Here are some pics this morning. Sorry my good camera wasn't working so I took these with my phone. 
IMG]http://i78.photobucket.com/albums/j95/GSD4ME/2.jpg[/IMG]


----------



## Cassidy's Mom

*Re: Light puppy will color darken?*

He's very cute, but he looks like he could be a mix. Are you sure he's a purebred?


----------



## Chris Wild

*Re: Light puppy will color darken?*

Adorable pup, but I agree he looks like a mix, not a purebred.


----------



## BlackGSD

*Re: Light puppy will color darken?*

Looks like a mix to me too. And not a sable. (Judging from the pics.) 

He looks like a fawn. (Think a "tan with black mask" Boxer, Mastiff or Great Dane as far as his color goes.) The length of his coat also looks more like the breeds I mentioned too. Doesn't like like a "baby GSD" coat. 

Either way, he sure is a cutie.


----------



## MaggieRoseLee

*Re: Light puppy will color darken?*

A D O R A B L E!!!!!!!!!!!! Oh my gosh, what a face!


----------



## mysablegsd

*Re: Light puppy will color darken?*

He looks JUST like a GSD/Pit Bull we had years ago. We called him Spud.


----------



## Cassidy's Mom

*Re: Light puppy will color darken?*



> Originally Posted By: BlackGSDThe length of his coat also looks more like the breeds I mentioned too. Doesn't like like a "baby GSD" coat.

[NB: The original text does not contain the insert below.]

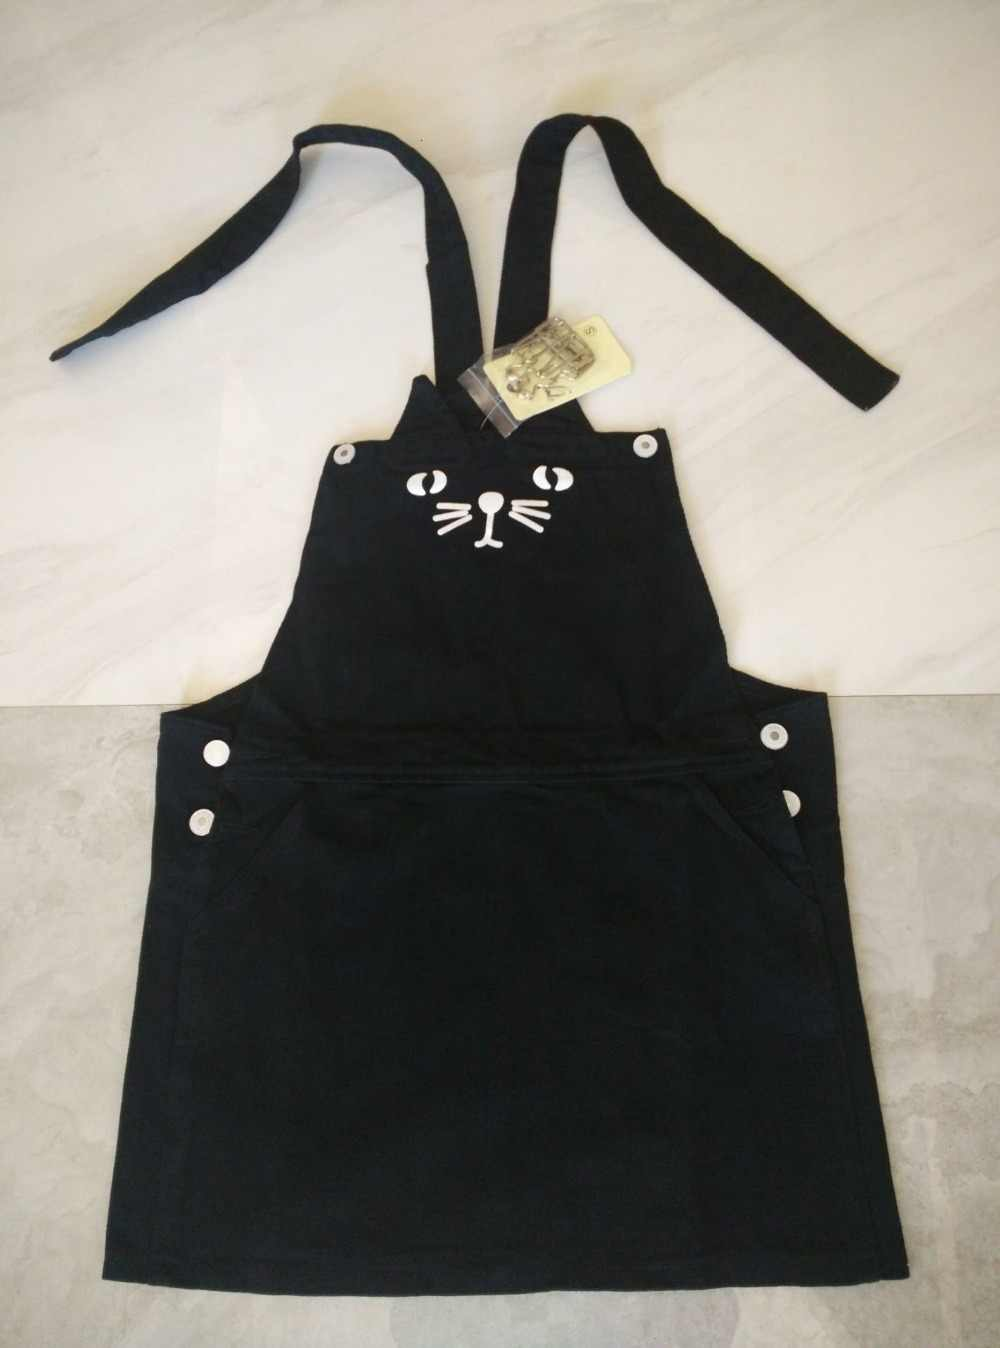 5cd058ce8b ... 2019 Kawaii Women Cute Cat Suspender Denim Dress Loose Jeans Preppy  Style Sundress Overall Romper Playsuit ...

That's what I was thinking too. Not just the color, but also the type of coat doesn't seem quite right for a purebred GSD. Hard to tell for sure in the pictures, but it appears to be a shorter, tighter coat, like a boxer has.


----------



## BabyBruno

*Re: Light puppy will color darken?*

Well, I was thinking along the same things too. Unfortunately, my husband bought him already. I called the owners and asked if there is any chance the female bred with a different dog than the one they believe to be the father. He said absolutely not and that she was confined with him and was the only match. So I really don't know what to do at this point. Especially because he is a good boy and very adorable. 
He looks a little "off" for me as far as for GSD. His coat as not as short as a boxer, not as short as a great dane for sure, but still its not as fluffy or cozy as I remember Bruno's being. Well, I guess I'll just have to wait and see what develops. I am tempted though to take him back. Though it was really our mistake for acting so rashly. 
I would rather have adopted from the shelter than buy, especially if we were not getting a pure bred. Oh well. Live and Learn I suppose.


----------



## Barb E

*Re: Light puppy will color darken?*

He is darling!!!
But I do agree, I don't think he's a purebred.


----------



## APBTLove

*Re: Light puppy will color darken?*

I see some kind of bulldog, meaning pit, staffy, or boxer, in the face and coat. All of those can have that mask as well... That doesn't matter, though, does it? If he IS mixed with pit, you MAY have dog issues in the future, but don't fret, just b prepared to rotate if you must, and he was probably mature sexually before it shows. 

I can assure you, while you may be upset about supporting an obvious BYB, you have this lovely life in your care, what does the length of his fur or the shape of his head matter? Train him up like he's a champion sired GSD and treat him all the same. Once he grows a bit more we can give a better assessment of his breeds. Could you possibly get a pic of him standing from the side, a side shot of his head, and an above shot of his head? That's the only way I can really tell.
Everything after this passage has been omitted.